Department of Biochemistry and Molecular Biology, Tel-Aviv University, Ramat Aviv 69978, Israel.
Bioinformatics. 2011 Dec 1;27(23):3286-92. doi: 10.1093/bioinformatics/btr576. Epub 2011 Oct 13.
Accurate prediction of protein stability is important for understanding the molecular underpinnings of diseases and for the design of new proteins. We introduce a novel approach for the prediction of changes in protein stability that arise from a single-site amino acid substitution; the approach uses available data on mutations occurring in the same position and in other positions. Our algorithm, named Pro-Maya (Protein Mutant stAbilitY Analyzer), combines a collaborative filtering baseline model, Random Forests regression and a diverse set of features. Pro-Maya predicts the stability free energy difference of mutant versus wild type, denoted as ΔΔG.

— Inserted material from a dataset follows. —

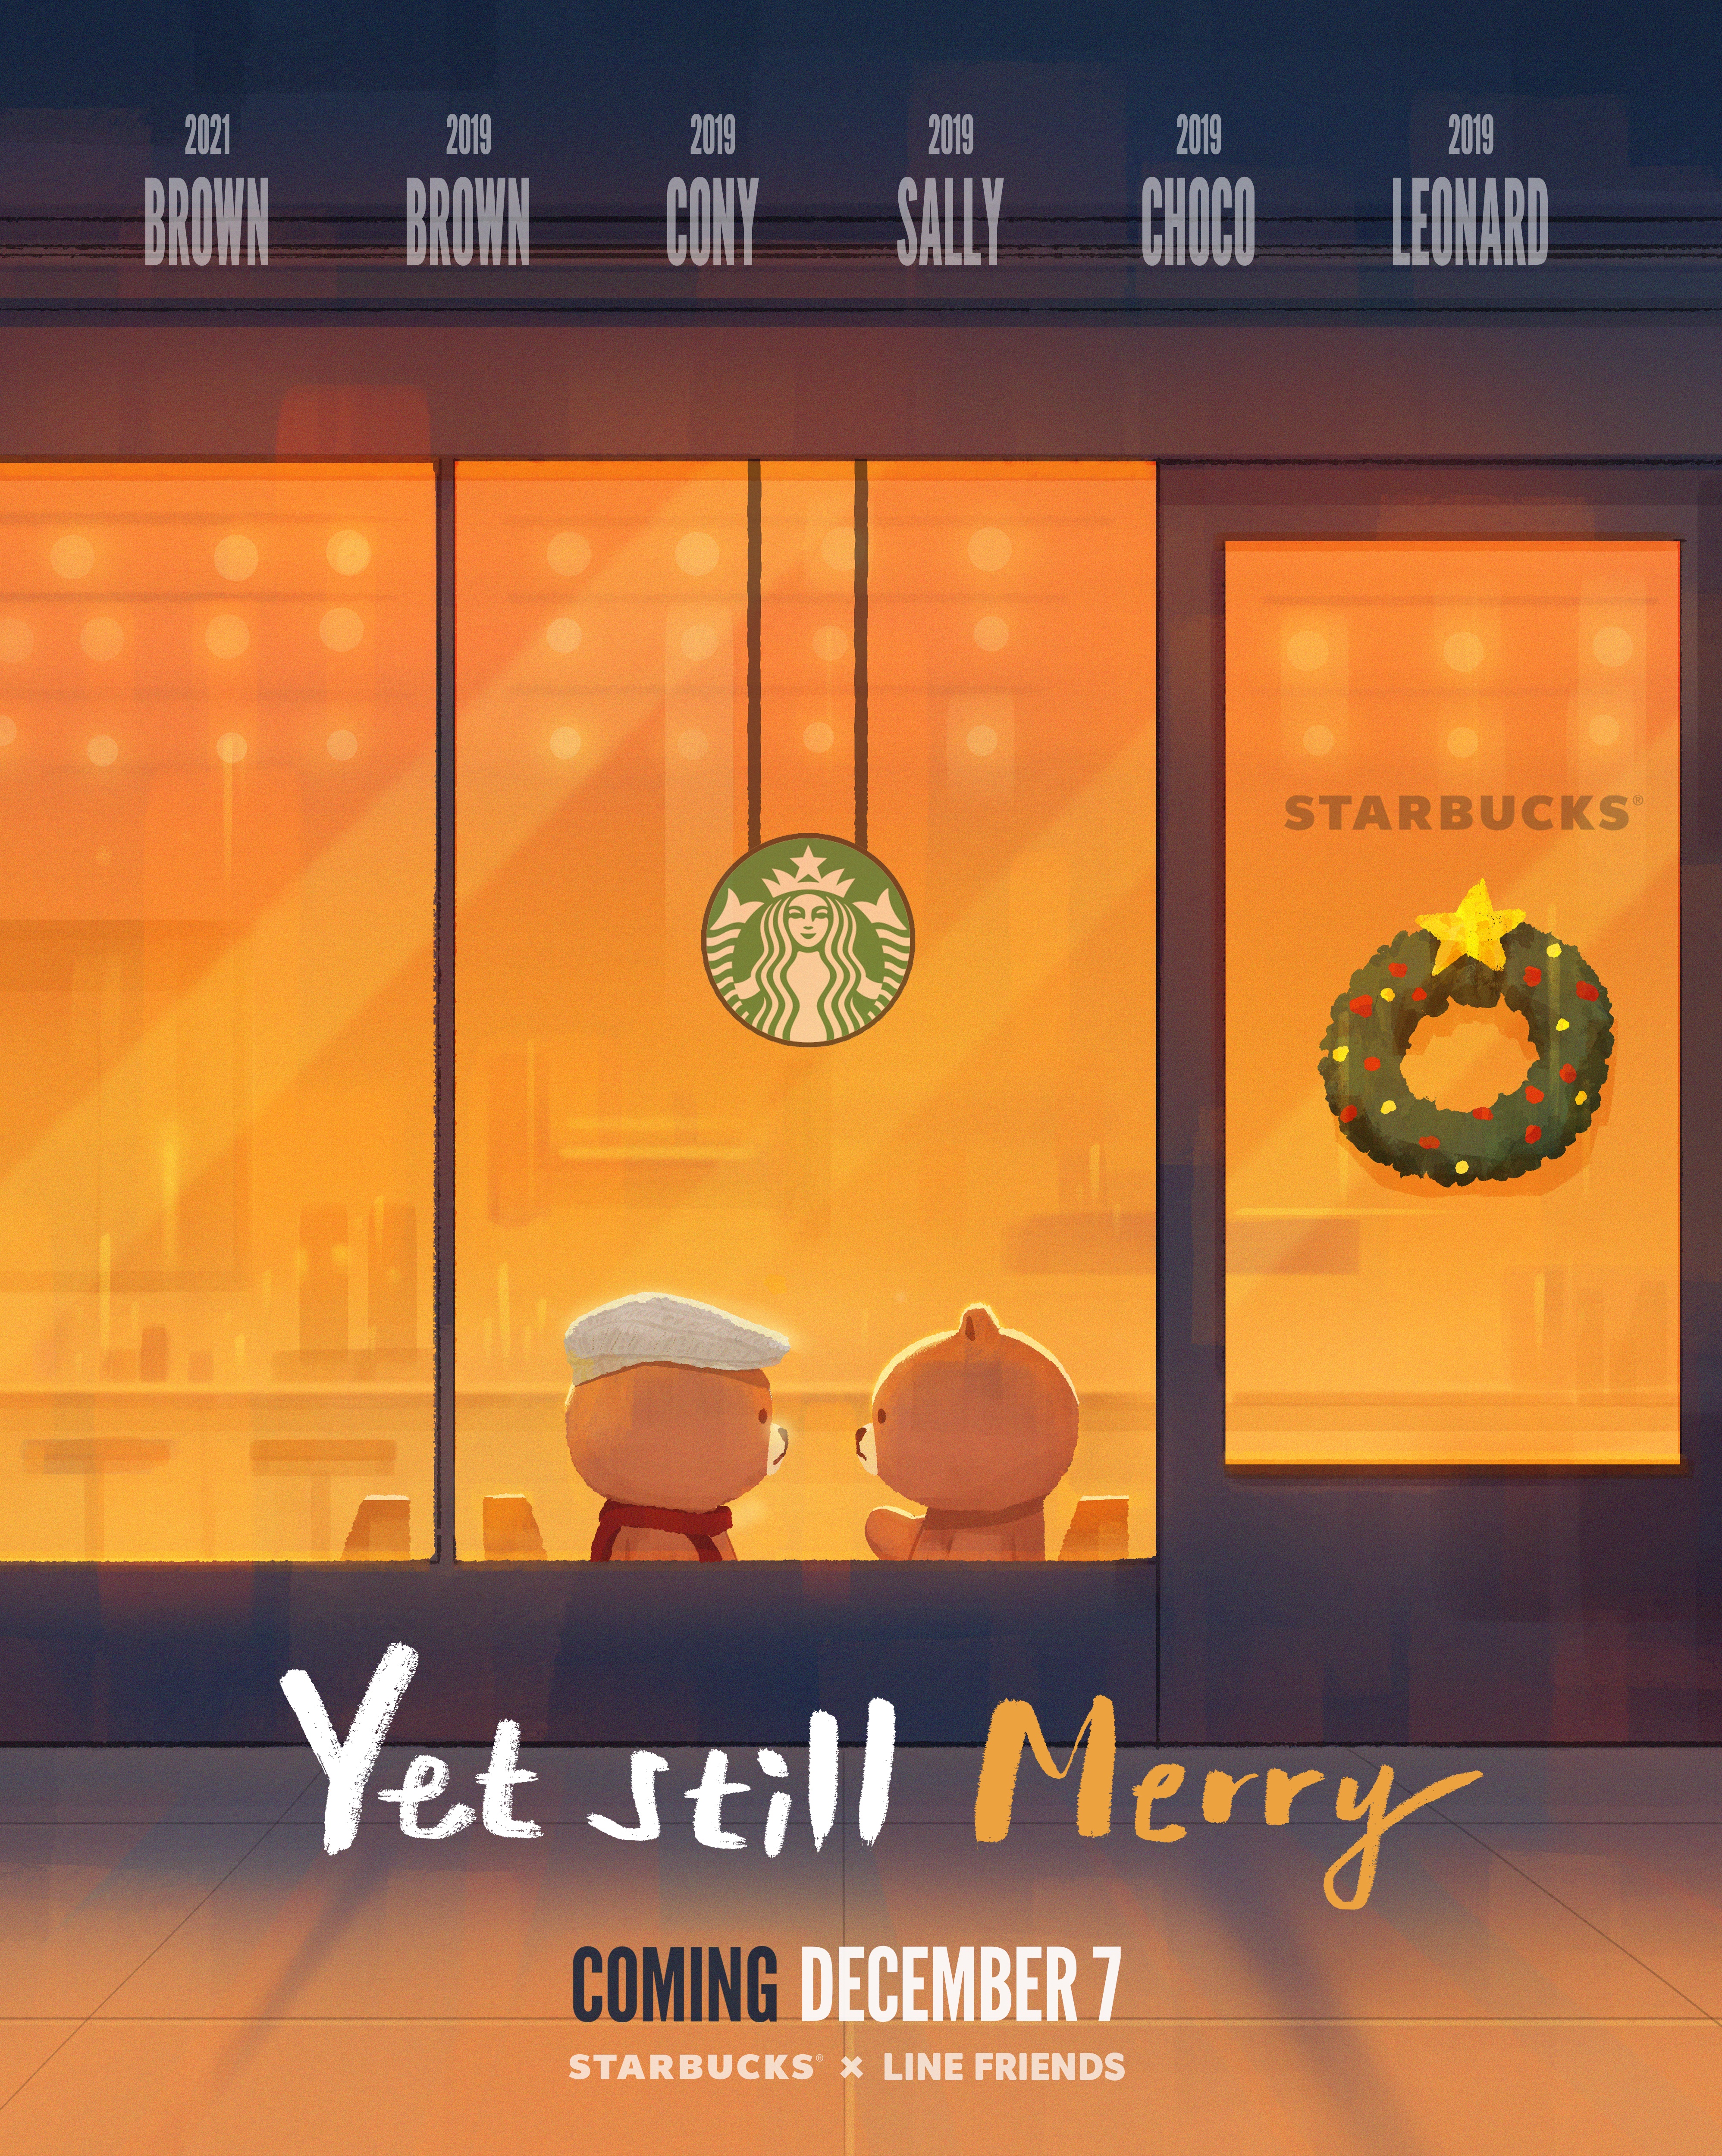 Starbucks_LINE FRIENDS_Illustration_Poster_EN 3.jpg

We evaluated our algorithm extensively using cross-validation on two previously utilized datasets of single amino acid mutations and a (third) validation set. The results indicate that using known ΔΔG values of mutations at the query position improves the accuracy of ΔΔG predictions for other mutations in that position. The accuracy of our predictions in such cases significantly surpasses that of similar methods, achieving, e.g. a Pearson's correlation coefficient of 0.79 and a root mean square error of 0.96 on the validation set. Because Pro-Maya uses a diverse set of features, including predictions using two other methods, it also performs slightly better than other methods in the absence of additional experimental data on the query positions.
Pro-Maya is freely available via web server at http://bental.tau.ac.il/ProMaya.
nirb@tauex.tau.ac.il; wolf@cs.tau.ac.il
Supplementary data are available at Bioinformatics online.
准确预测蛋白质稳定性对于理解疾病的分子基础以及设计新蛋白质至关重要。我们引入了一种新的方法来预测单个氨基酸取代引起的蛋白质稳定性变化;该方法使用了在相同位置和其他位置发生的突变的可用数据。我们的算法名为 Pro-Maya(蛋白质突变稳定性分析器),它结合了协同过滤基线模型、随机森林回归和一组多样化的特征。Pro-Maya 预测突变体与野生型的稳定性自由能差异,记为 ΔΔG。
我们在两个先前使用的单氨基酸突变数据集和一个(第三个)验证集上进行了广泛的交叉验证,评估了我们的算法。结果表明,使用查询位置处已知的突变 ΔΔG 值可以提高该位置其他突变的 ΔΔG 预测准确性。在这种情况下,我们的预测准确性明显优于类似的方法,例如在验证集上达到了 0.79 的 Pearson 相关系数和 0.96 的均方根误差。由于 Pro-Maya 使用了一组多样化的特征,包括使用另外两种方法的预测,因此在没有查询位置的额外实验数据的情况下,它的性能也略优于其他方法。
Pro-Maya 可通过 web 服务器免费使用,网址为 http://bental.tau.ac.il/ProMaya。
nirb@tauex.tau.ac.il;wolf@cs.tau.ac.il
补充数据可在 Bioinformatics 在线获取。